PELATIHAN TEKNIS CERTIFIED RISK MANAGEMENT OFFICER (CRMO) MENCIPTAKAN SDM UNGGUL DAN SADAR RISIKO

Senin, 19 Oktober 2020, Pusat Pendidikan dan Pelatihan (Pusdiklat) Kemenristek/BRIN bekerjasama dengan PPM Manajemen menyelenggarakan pelatihan dan uji kompetensi Certified Risk Management Officer (CRMO) bagi pegawai di lingkungan Kemenristek/BRIN. Acara diawali dengan pengarahan dari Kepala Pusdiklat, Wisnu S. Soenarso, sekaligus membuka kegiatan. Wisnu menyampaikan bahwa pelaksanaan kegiatan ini ditujukan untuk meningkatkan kompetensi pegawai Kemenristek/BRIN dan memberikan pengakuan kompetensi di bidang manajemen risiko tingkat dasar yang dirancang bagi pegawai yang belum pernah mendapatkan pendidikan manajemen risiko, atau para pemula dalam bidang manajemen risiko/calon risk officer yang akan ditugaskan dalam unit-unit kerja Kemenristek/BRIN. Pada kesempatan pelaksanaan diklat kali ini, kegiatan diikuti oleh 31 orang peserta yang berasal dari unit Inspektorat Utama dan Pusat Pendidikan dan Pelatihan Kemenristek/BRIN.

Acara yang akan dilaksanakan selama 5 hari ini bertujuan untuk meningkatkan kompetensi pegawai terutama dalam menguasai teknik dan proses manajemen risiko secara utuh, rinci, aplikatif dan mandiri, mempunyai cara pandang dan persepsi yang sama di dalam memandang risiko, membedakan ciri-ciri risiko dan kesempatan (opportunity), memahami proses, scope dan kerangka kerja Enterprise Risk Management (ERM), melakukan identifikasi risiko (dengan berbagai metode identifikasi) pada proses bisnisnya masing-masing, memahami cara menentukan kriteria dalam penilaian besaran risiko (Risk Level), mampu melakukan pengukuran bobot risiko pada tataran inherent risk, residual risk, dan mitigation, membuat peta risiko, membuat risk response awal/tanggapan terhadap risiko yang melekat pada aktivitas bisnis prosesnya dan memahami teknik membuat Risk Mitigation Action Plan, melakukan monitoring dan menyajikan pelaporan risiko, dan membuat Risk Register yang informatif.


Sesi Pembelajaran Online

Pelaksanaan kegiatan dilaksanakan dengan metode blended learning yang memadukan sesi klasikal tatap muka (hari pertama dan terakhir) dan sesi tatap muka online.

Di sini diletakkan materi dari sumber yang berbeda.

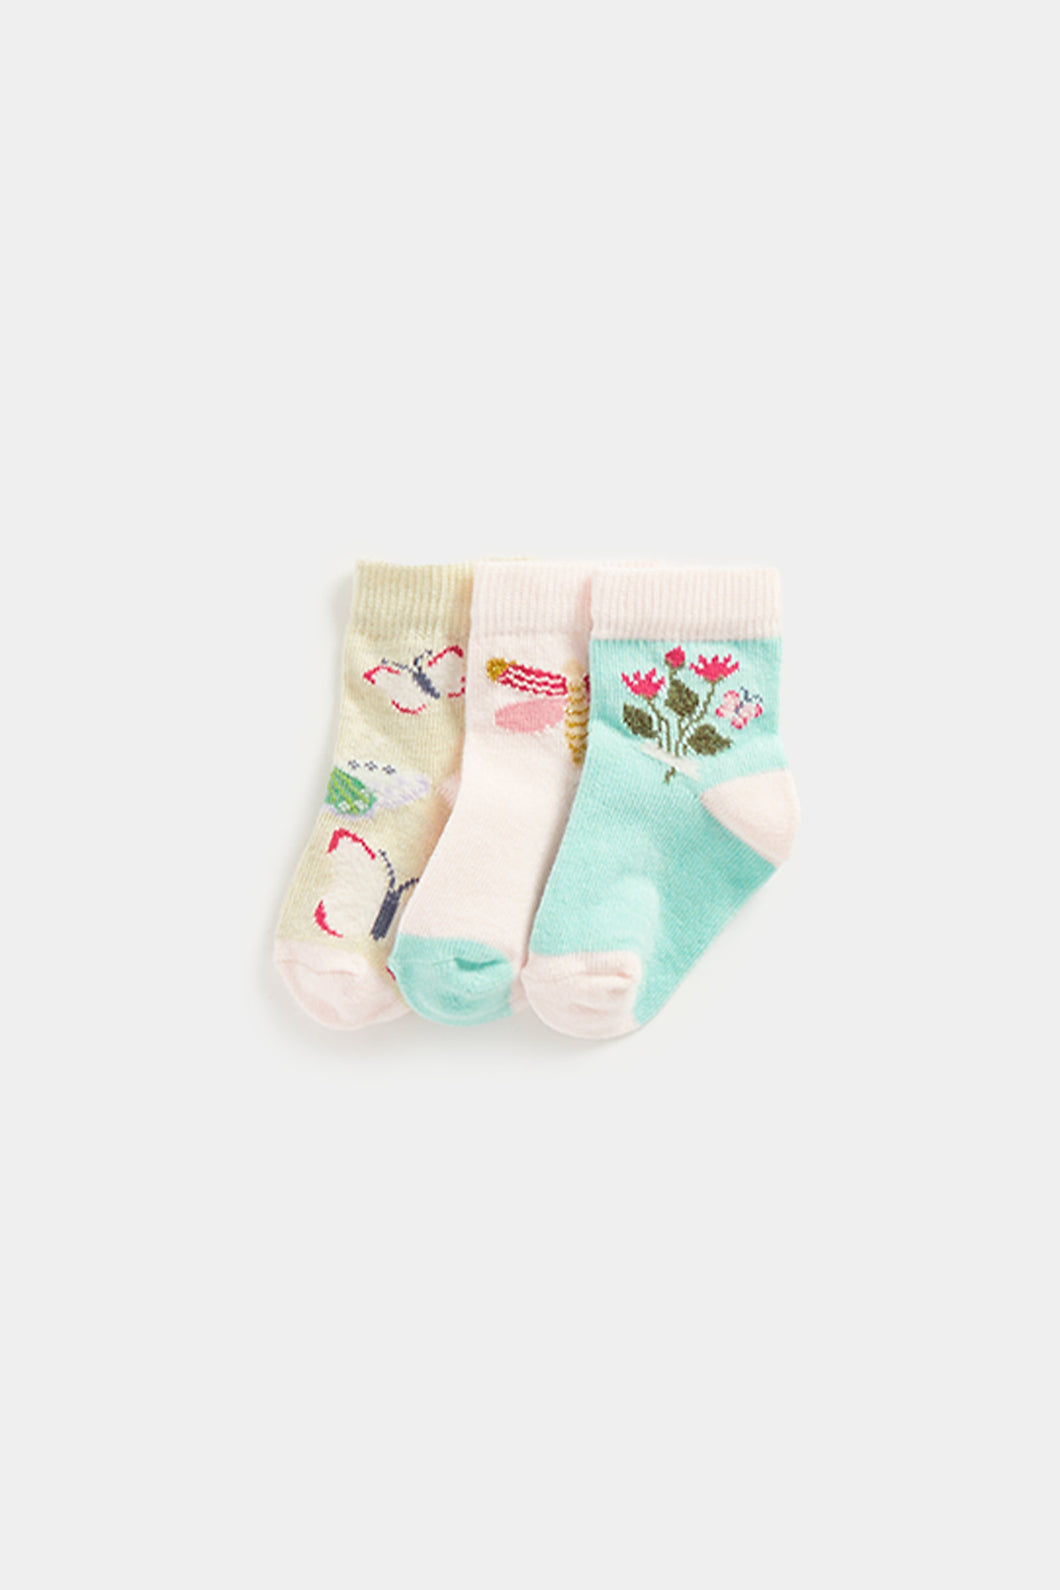 Mothercare Garden Baby Socks - 3 Pack

Peserta dibekali oleh materi-materi manajemen risiko yang cukup menarik, juga praktek simulasi dalam mengidentifikasi risiko, penyebab, dampak, pengukuran dan lain-lain.


Sesi Pembelajaran Online (Simulasi Risk Register)

Diharapkan ke depannya pelaksanaan kegiatan ini dapat diikuti oleh seluruh perwakilan dari unit kerja yang ada di Kemenristek/BRIN yang ditugaskan untuk menganalisis manajemen risiko di tempat kerja masing-masing, sehingga diharapkan kegagalan dalam pencapaian tujuan organisasi dapat dihindari karena adanya upaya antisipasi dan mitigasi yang dilakukan dalam manajemen risiko di unit kerja.